The folks at Hughes/GM didn’t like the large number of MOSFETs that Cocconi used, and proposed instead to use the new-fangled IGBT transistors like those from International Rectifier. You can read about all this in the book The Car That Could. The Hughes/GM engineers liked these better because they were easier to control and many fewer transistors were needed. According to legend, Cocconi was at first resistant to using IGBTs rather than the MOSFETS he already understood. True or not, the EV-1 used IGBTs.
Fast forward again to 1992: Al Cocconi started AC Propulsion to make EV motors and matching inverters. AC Propulsion developed their Power Electronics Unit (PEU) using IGBTs similar to what Cocconi learned about from the guys at Hughes/GM.
Fast forward once more to 2003: Tesla Motors’s Power Electronics Module (PEM), in turn, uses a similar kind of variable frequency, IGBT inverter, based on what we learned from our friends Al Cocconi and the rest of the team at AC Propulsion, as well as from what JB and I had learned in our own careers as electrical engineers. Over the last 3 years, this PEM has been refined and improved by Tesla’s team of electrical, firmware, and manufacturing engineers.
At the same time, Tesla’s motor engineering team developed our own custom 3-phase AC induction motor – based on Tesla’s patents, based on the EV-1 motor, based on the AC Propulsion motor. Like Tesla’s motors, the EV-1 motor, and the AC Propulsion motor, ours gets its incredible efficiency largely due to its copper rotor.
We’ve studied the EV-1 motor carefully. The technique they used to construct their copper rotor was not great, resulting in suboptimal efficiency, and (I suspect) low manufacturing yield.
We have studied AC Propulsion’s rotor manufacturing technique. Their process creates a motor with much better efficiency. But there is quite a bit of hand labor and tweekmanship in the process, and it would not work for the production volumes we forecast at Tesla.

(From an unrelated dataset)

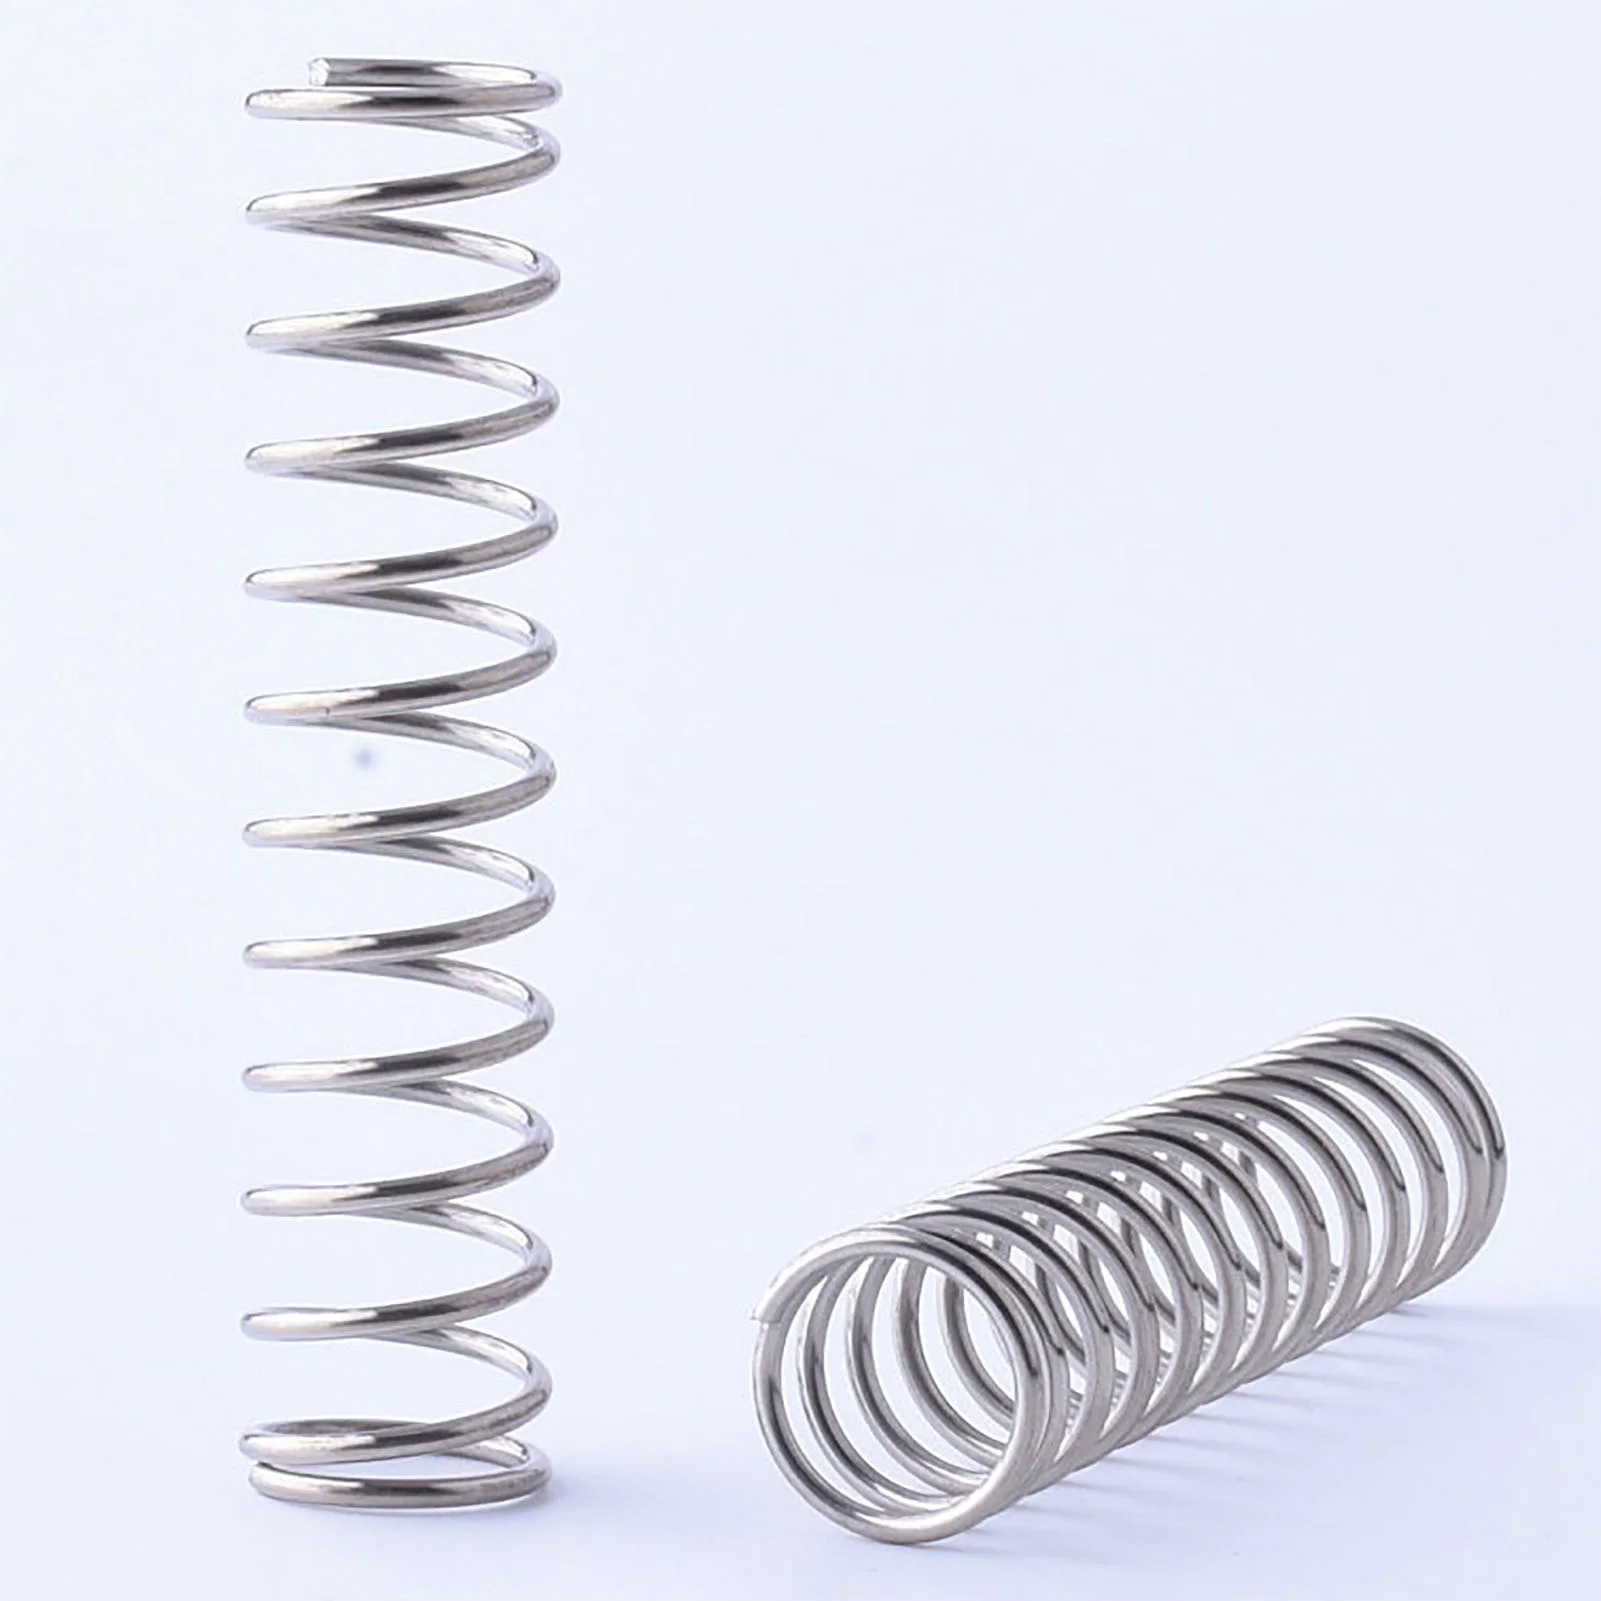 

5PCS 1.8x21mm Compression Spring, Wire Diameter 0.07'', Outer Diameter 0.82'', Free Length 0.39''-2'', Stainless Steel

We studied other companies who cast copper rotors like Favi. But their process yielded rotors with lower efficiency than AC Propulsion’s.
So we set out to create our own copper rotor fabrication process. It took us a few years, but it worked: our rotors are readily mass produced in our own factory in Taiwan, and their performance is quite nice. (How we do it is a secret. I don’t keep a lot of things secret from you, but this is some of our secret sauce! That’s why we didn’t outsource the construction of this piece.)
Here’s the cool thing: if you handed one of our motors to Nikola Tesla, he’d recognize it immediately as his own invention. Nice job of optimization, but clearly his.
That’s why we’re Tesla Motors.